This article first appeared in the August 2003 issue of the San Antonio Audubon News.

Each Spring and Fall, tides of migrating birds cross over Texas in untold hordes. For the most part, the passing of these migrants on their epic journeys goes largely unrecorded, except perhaps by us birders who see but a small fraction. Among these hordes, migrating Upland Sandpipers (Bartramia longicauda) often call attention to themselves by their distinctive flight call.

In the spring and again in late summer, the melodious whistled “qui-di-di-du!” of this species may be heard from high at any hour, day or night. Often at night, the progress of an unseen bird can be tracked across the sky. In daylight, a passing Upland Sandpiper can be surprisingly hard to spot; a long-winged, slender shorebird a bit larger than a Killdeer, flying with a steady wing beat along an arrow-straight transit of the sky.

Among the shorebirds of the family Scolopacidae, the Upland Sandpiper is unusual for its preference for dry grassland habitats instead of wetlands or shoreline.

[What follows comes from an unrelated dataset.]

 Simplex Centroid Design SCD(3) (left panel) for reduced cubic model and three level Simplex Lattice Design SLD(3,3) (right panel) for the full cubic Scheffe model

The exact relationship this species bears to the to the other members of its family has been open to question; current thinking is that it is most closely related to the curlews. In colonial days, Upland Sandpipers occurred in great abundance, and were renowned both for the flavor and alleged aphrodisiac properties of their flesh. These attributes being enough to attract the attention of market gunners, whose depredations nearly drove the species to extinction by the end of the 19th Century.

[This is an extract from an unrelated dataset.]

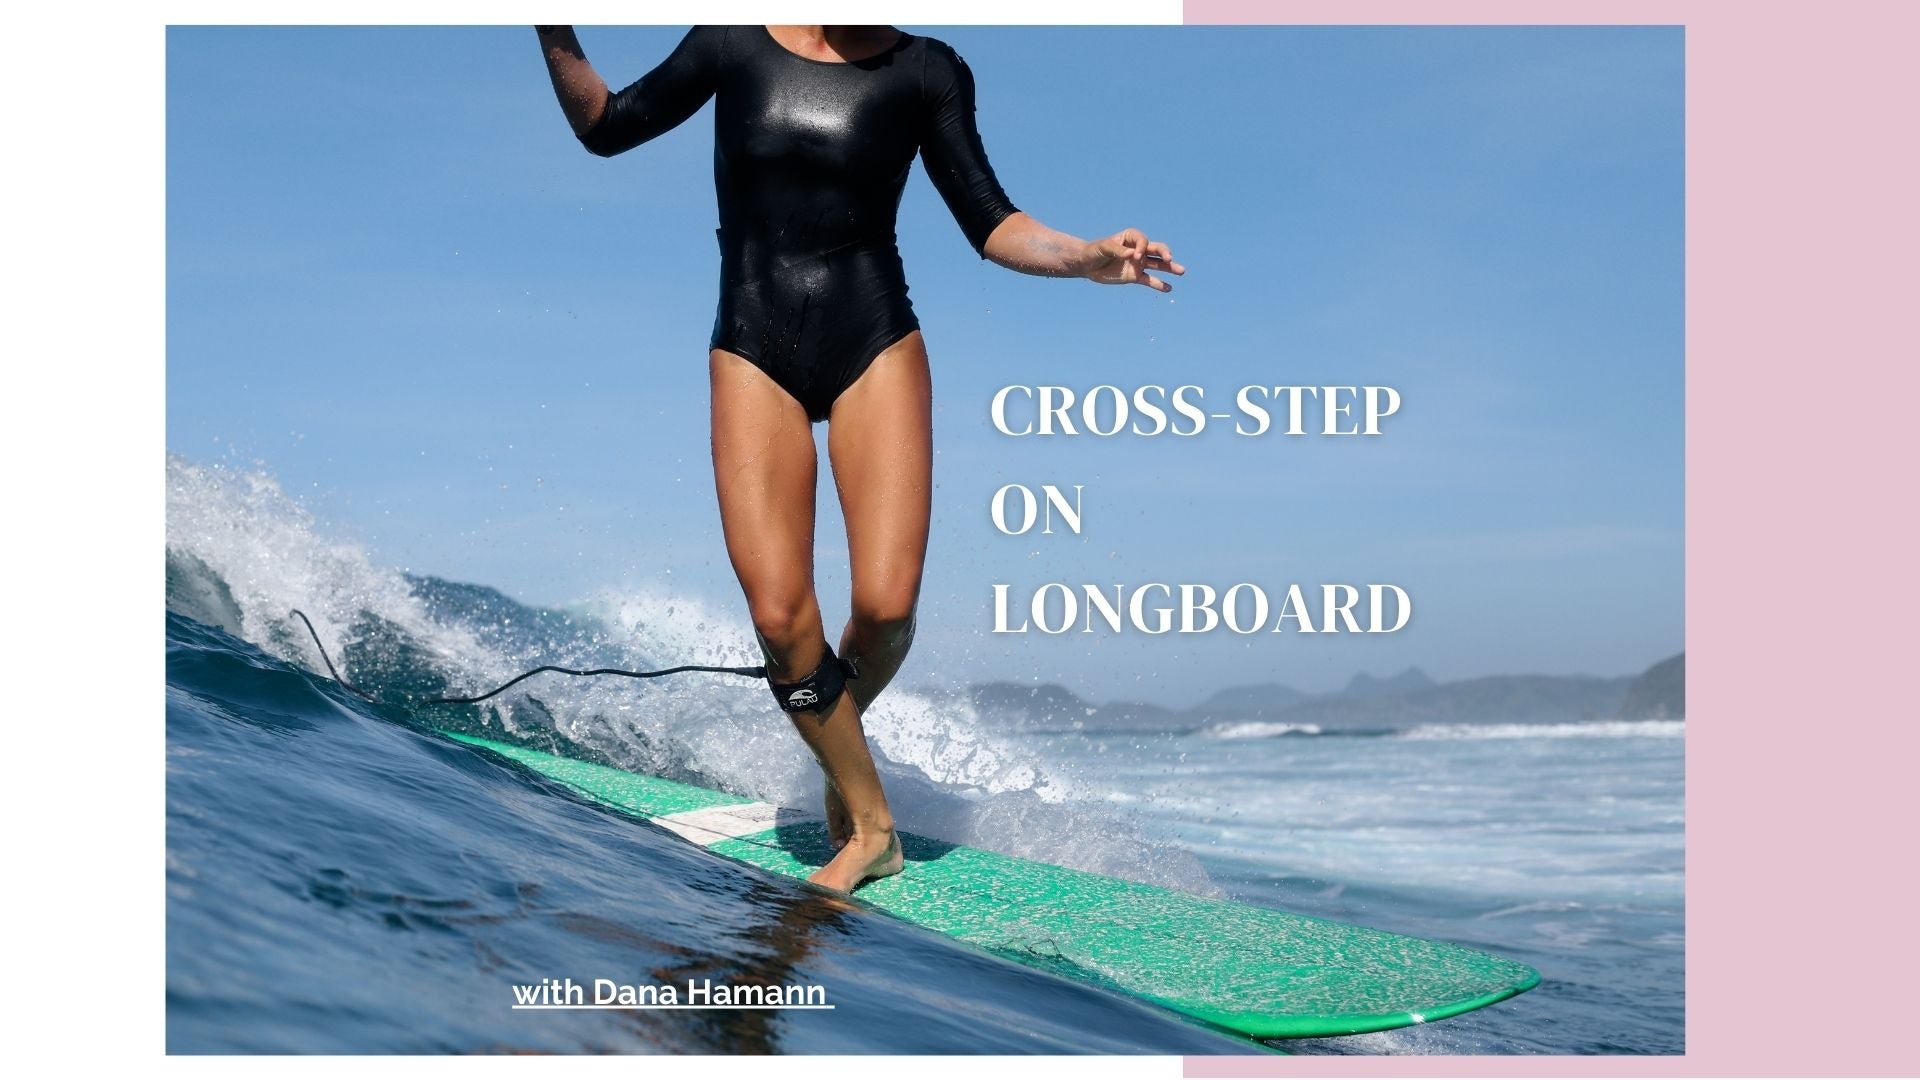 Cross-stepping Guide for Longboarders

The Upland Sandpiper can be found breeding in areas of open grassland from Alaska and the Yukon south as far as Oklahoma, and eastward as far as Quebec and New Brunswick. In San Antonio, we are privileged to see this bird in the numbers that we do — over much of its range it has become exceedingly rare, especially in the East. In contrast, populations have increased in recent years on parts of the Plains and today the greatest concentrations of breeding pairs can be found directly to our north in the Dakotas and adjacent areas of Nebraska.

On the Northern Plains, Upland Sandpipers arrive on the breeding grounds in April and May. Males establish breeding territories by means of display flights and a weird, bubbling song resembling a wolf-whistle in pitch and cadence. The species has adapted fairly well to agriculture; in addition to native prairie, a variety of pastures, small grain and hay fields may be used. Pairs can also be found in association with airports, such places being especially important in maintaining remnant populations in parts of the East.

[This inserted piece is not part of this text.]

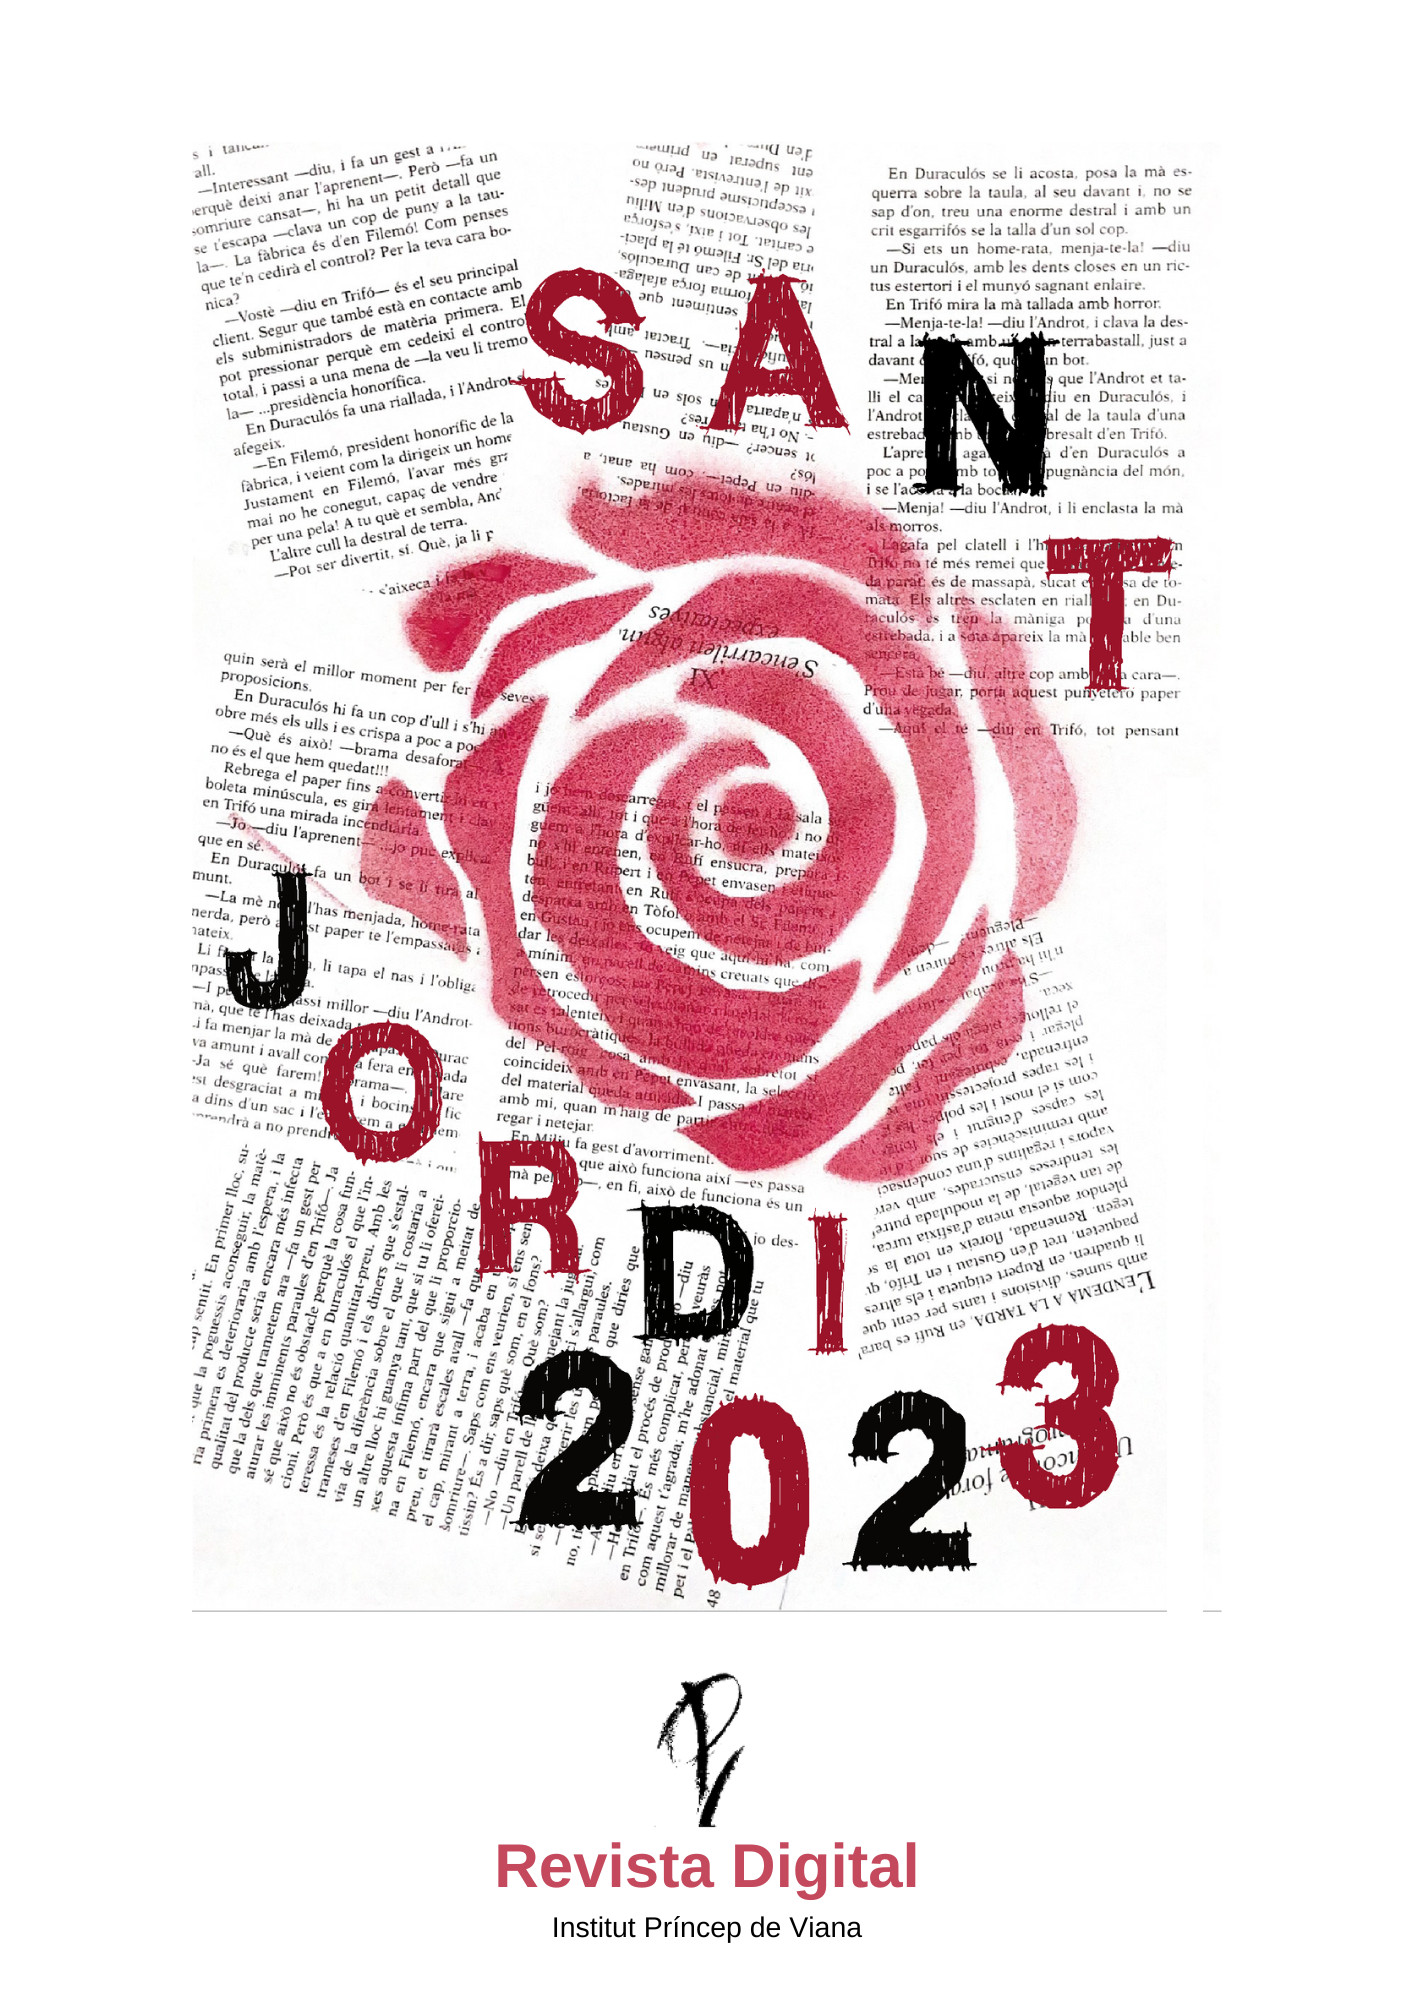 SANT JORDI 2023

Upland Sandpipers require a large home range for breeding, sometimes in excess of 200 acres, parts of this range often being shared with other breeding pairs. A variety of insects and seeds are consumed, crickets and grasshoppers figuring prominently in the diet. Typically, four cryptically-patterned eggs are laid in a carefully concealed scrape. Incubation requires about 21 days, the precocial young then being tended by both parents for about a month.

Fall migration begins in late July and it is usually August before once again I notice that familiar melodious “qui-di-di-du” marking the progress of these birds across our San Antonio skies. They migrate to the distant grasslands of Argentina and Brazil. I have often watched them passing and wondered just how far they might travel without rest. A number of their shorebird relatives are known to migrate more than 2,000 miles at a stretch, I’m not sure anyone knows for sure in the case of the Upland Sandpiper but stray individuals of this species have been recorded as far away as Australia and New Zealand.